Позади уже половина срока. Впереди – столетняя годовщина начала Второй мировой войны, а за ней – сумерки года и ещё три полярных ночи, то есть почти год беспробудной тьмы. Ночь на «Талеме» – это отдельная жизнь, которая давит из людей столько жизненного сока, что просыпаешься от неё другим человеком. Виноградов за последние полгода уезжал с «Талема» дважды, Фольшойер – раз пять, а Ким вынужден снова и снова наблюдать мучительное умирание полярного дня.

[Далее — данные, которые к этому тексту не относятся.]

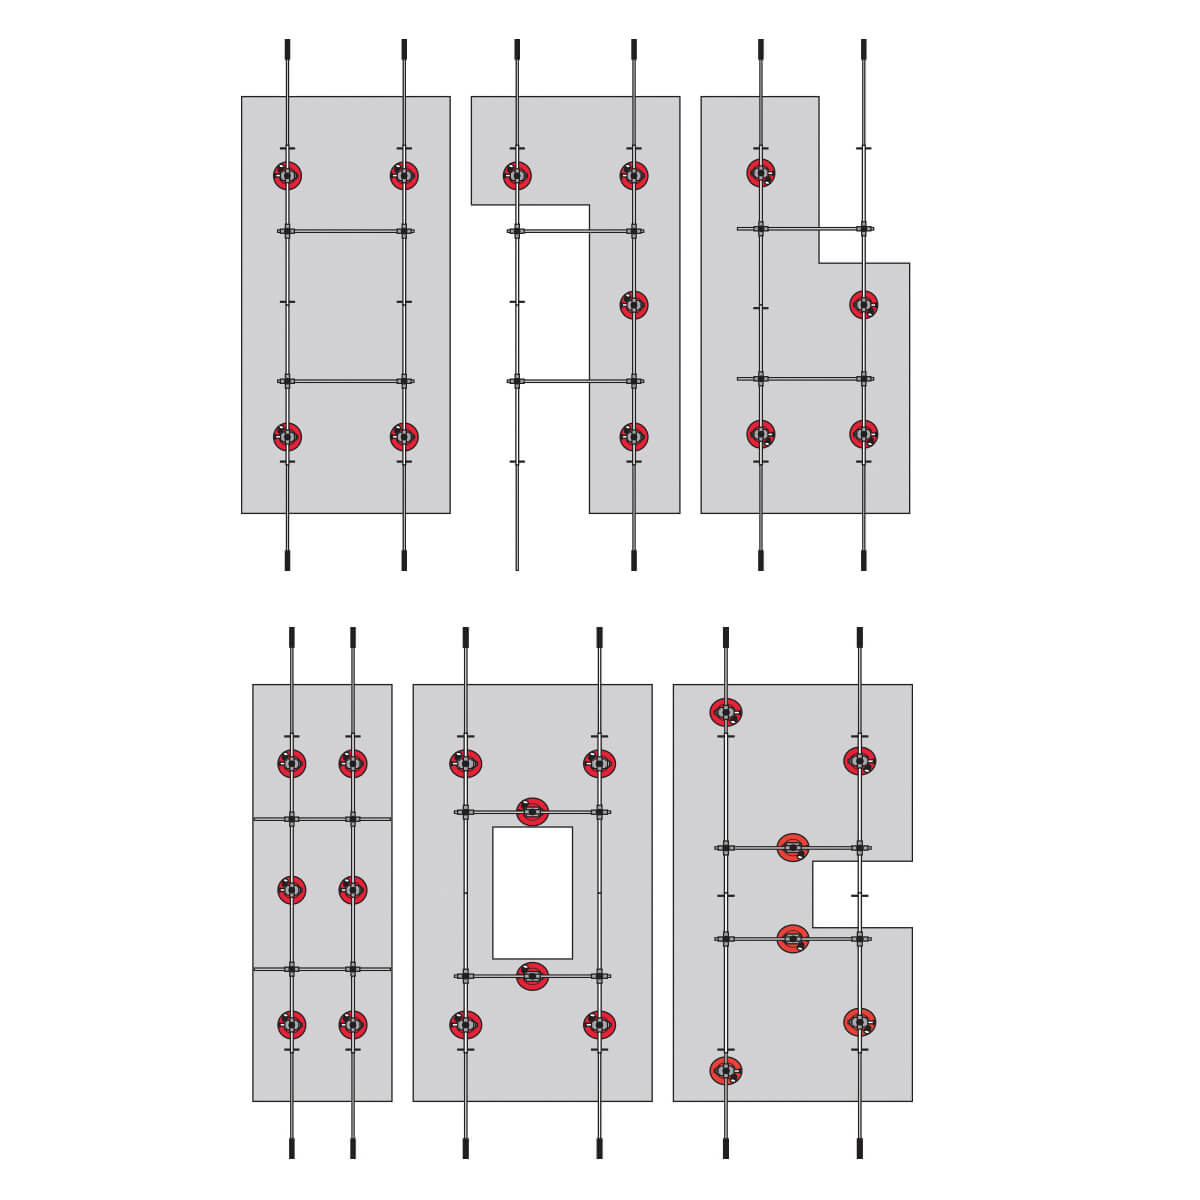 Montolit "SuperLift" Handling System for Large Tiles

Через неделю погода испортилась окончательно. С моря дул сильный ветер, бросая в стены пригоршни капель, но Ким старался не нарушать график прогулок, готовя себя к наступлению сезона вечной мокроты.
По вечерам они с Одри разводили камин. Одри тоже делала замёрзший вид, садилась ближе к огню и ловила на свою загорелую кожу отсветы пламени. Ким читал вслух. Одри слушала со вниманием, иногда отыгрывая понравившуюся сцену, становясь то императрицей, то пятнадцатилетним капитаном.
У Кима не было доступа к современной литературе: библиотека «Талема» включала, кажется, все возможные книги, выпущенные до начала XXI века. Остров словно вымарывал из Кима воспоминания о своём времени, которое он воспринимал лишь через призму когеренций.